A cause of action for personal injury accrues on the date the physical injury and its cause were known or should have been known by the exercise of reasonable diligence. Section 13-80-108(1), C.R.S. (1987 Repl.Vol. 6A); Jones v. Cox, 828 P.2d 218 (Colo.1992).

Further, when the undisputed facts demonstrate that a plaintiff discovered or reasonably should have discovered the negligent conduct as of a particular date, the issue of when the cause of action accrued may be decided as a matter of law. Morris v. Geer, 720 P.2d 994 (Colo.App.1986).

Also, although an investigative report may provide further information concerning a claim, the claim itself accrues under § 13-80-108(1) when a plaintiff is aware of his injuries and the cause thereof. Mosher v. Lakewood, 807 P.2d 1235 (Colo.App. 1991).

Here, the record confirms that plaintiff Garland Reider knew of his injuries and their cause on the date of the accident. Plaintiffs’ objection to the motion to dismiss contains the following statement: “Mr. Reider consistently told all medical and emergency personnel who assisted him that night and a state patrol officer who recorded his statement three days after the accident about the second accident with the Department’s vehicle.” Moreover, plaintiffs attached a copy of Dawson’s report written the day after the accident in which the deputy sheriff wrote, “I asked the person [Reider] if he was okay and he said that the patrol car had hit him.”

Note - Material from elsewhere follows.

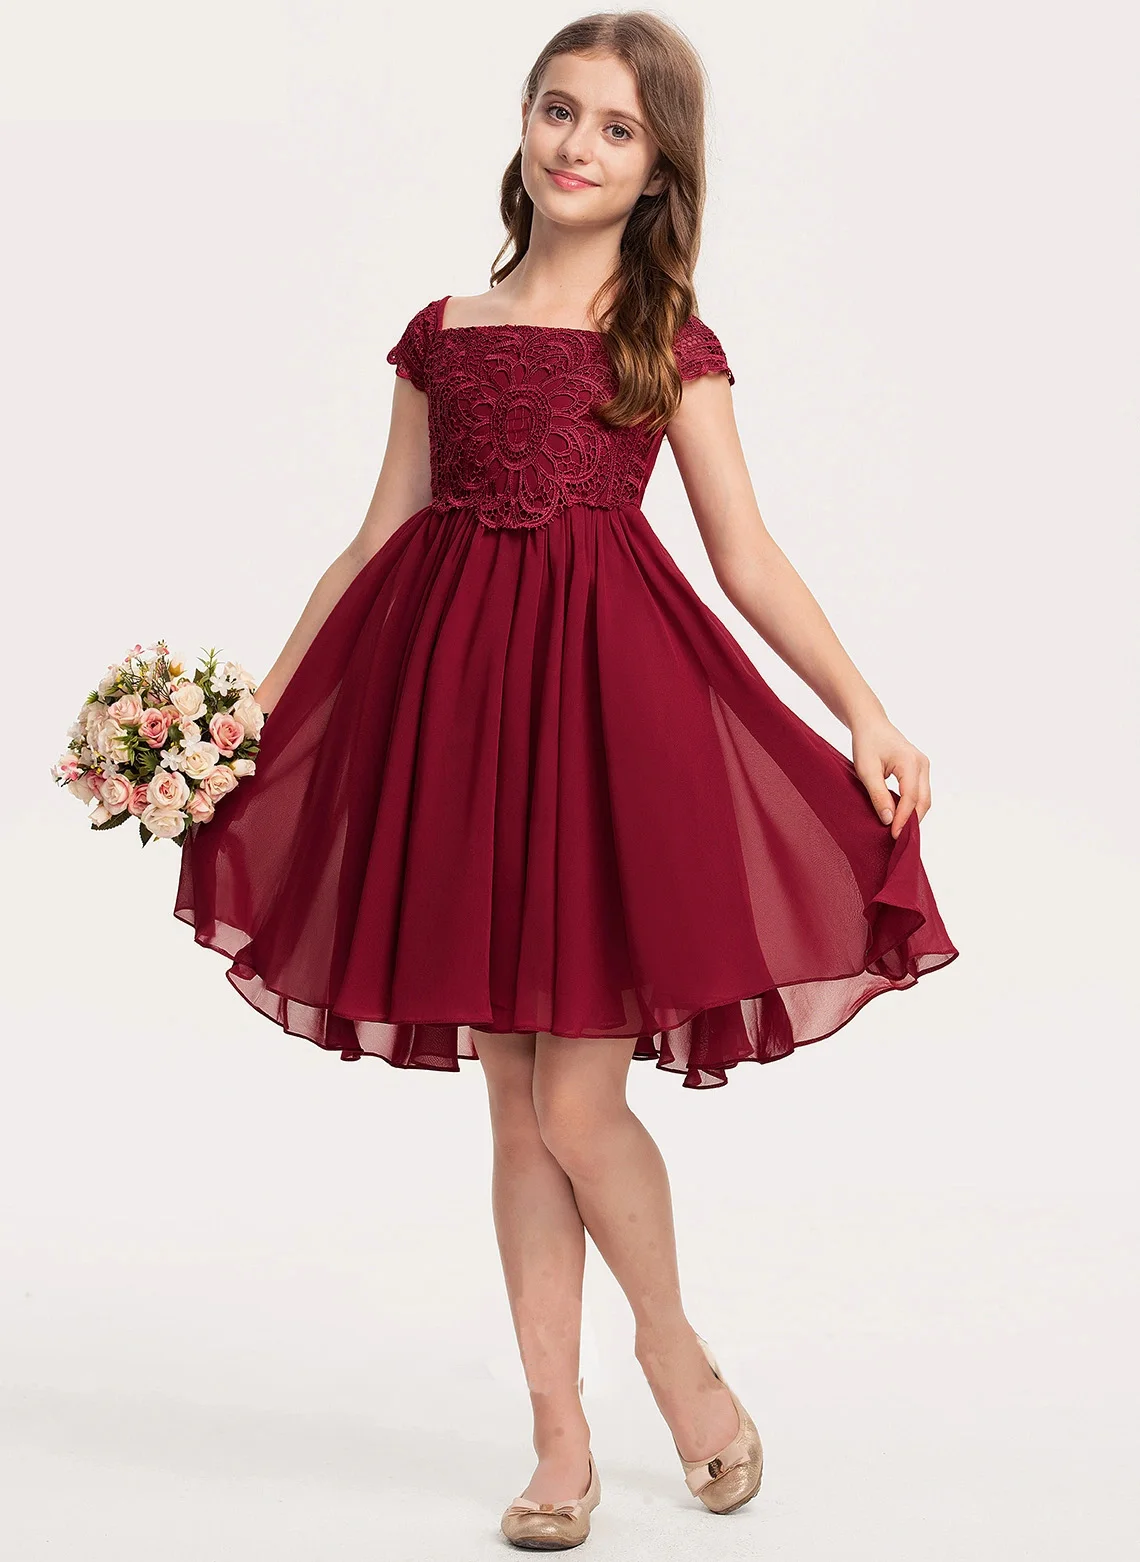 

YZYmanualroom Junior Bridesmaid Dress A Line Off the Shoulder Knee Length Chiffon Lace With Bow Pageant Evening Dresses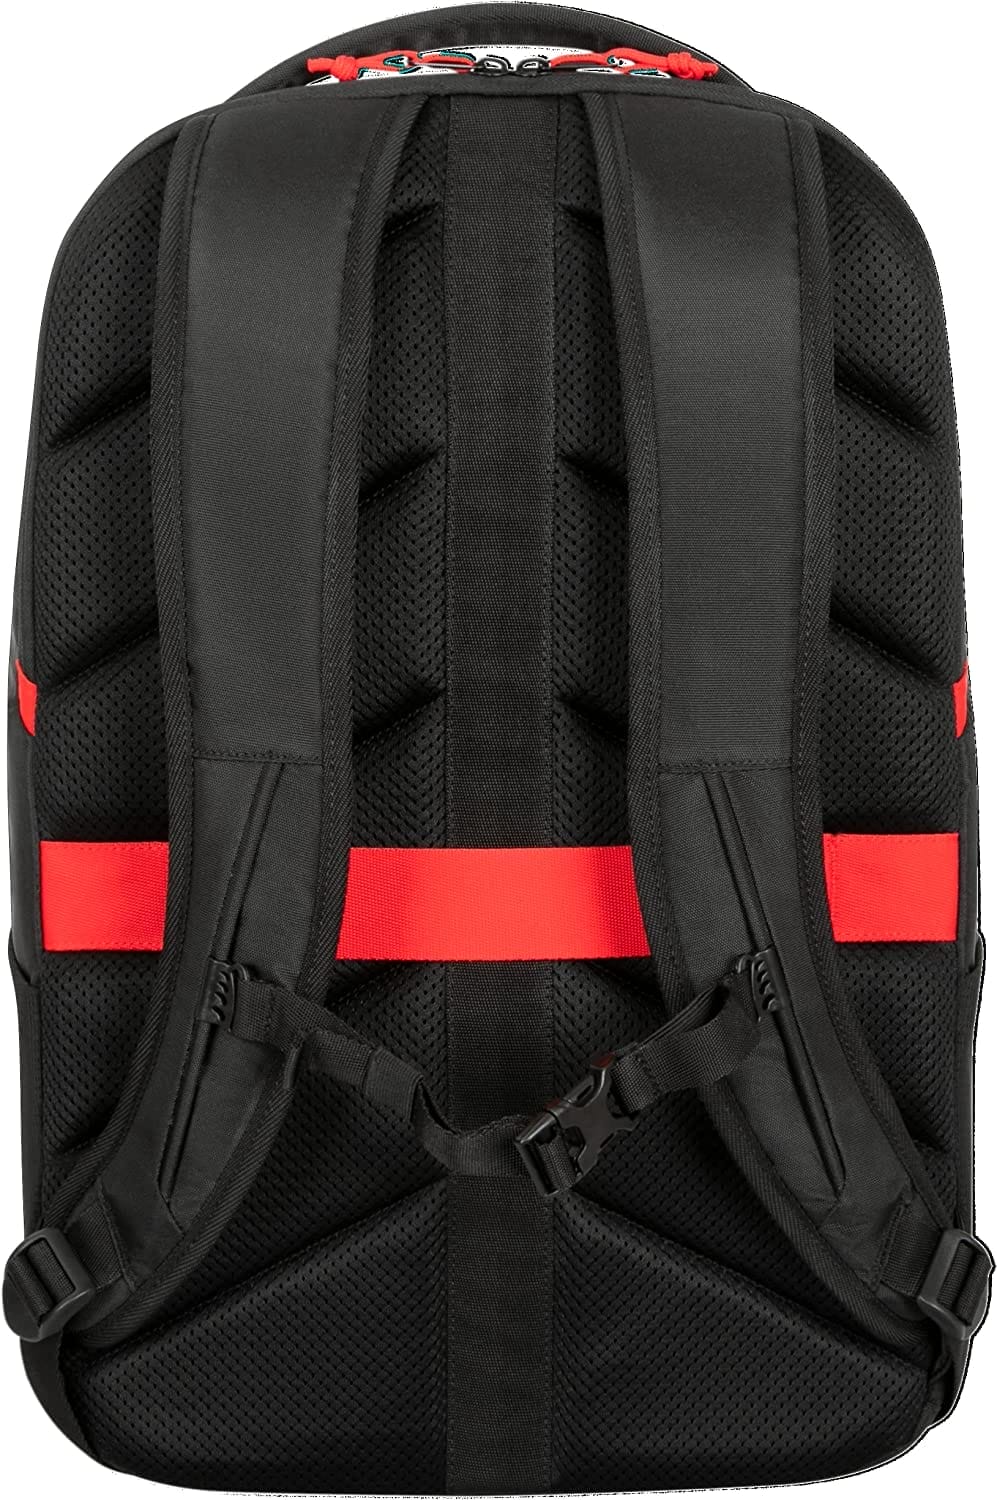 Image shows the back area of the backpack.

Under these circumstances, we conclude that the trial court did not err in its determination, based upon undisputed facts, that plaintiff Garland Reider was aware of his injuries and their cause in November 1989 and that the Department and Dawson were not estopped from asserting the statute of limitations.

III.

Plaintiffs also contend that, because Dawson failed to file an answer to the complaint, his joinder in the motion to dismiss was insufficient to raise the statute of limitations as an affirmative defense in his behalf. We disagree.

We recognize generally that a statute of limitations defense should be raised in an answer to the complaint rather than in a motion to dismiss. C.R.C.P. 8(c). This position is not universally followed, however, as many courts hold that the defense of limitations may' be raised by a motion to dismiss when the time alleged in the complaint shows that the action was not brought within the statutory period. Wasinger v. Reid, 705 P.2d 533 (Colo.App. 1985).

Here, the complaint itself revealed that it was filed more than a year after the accident.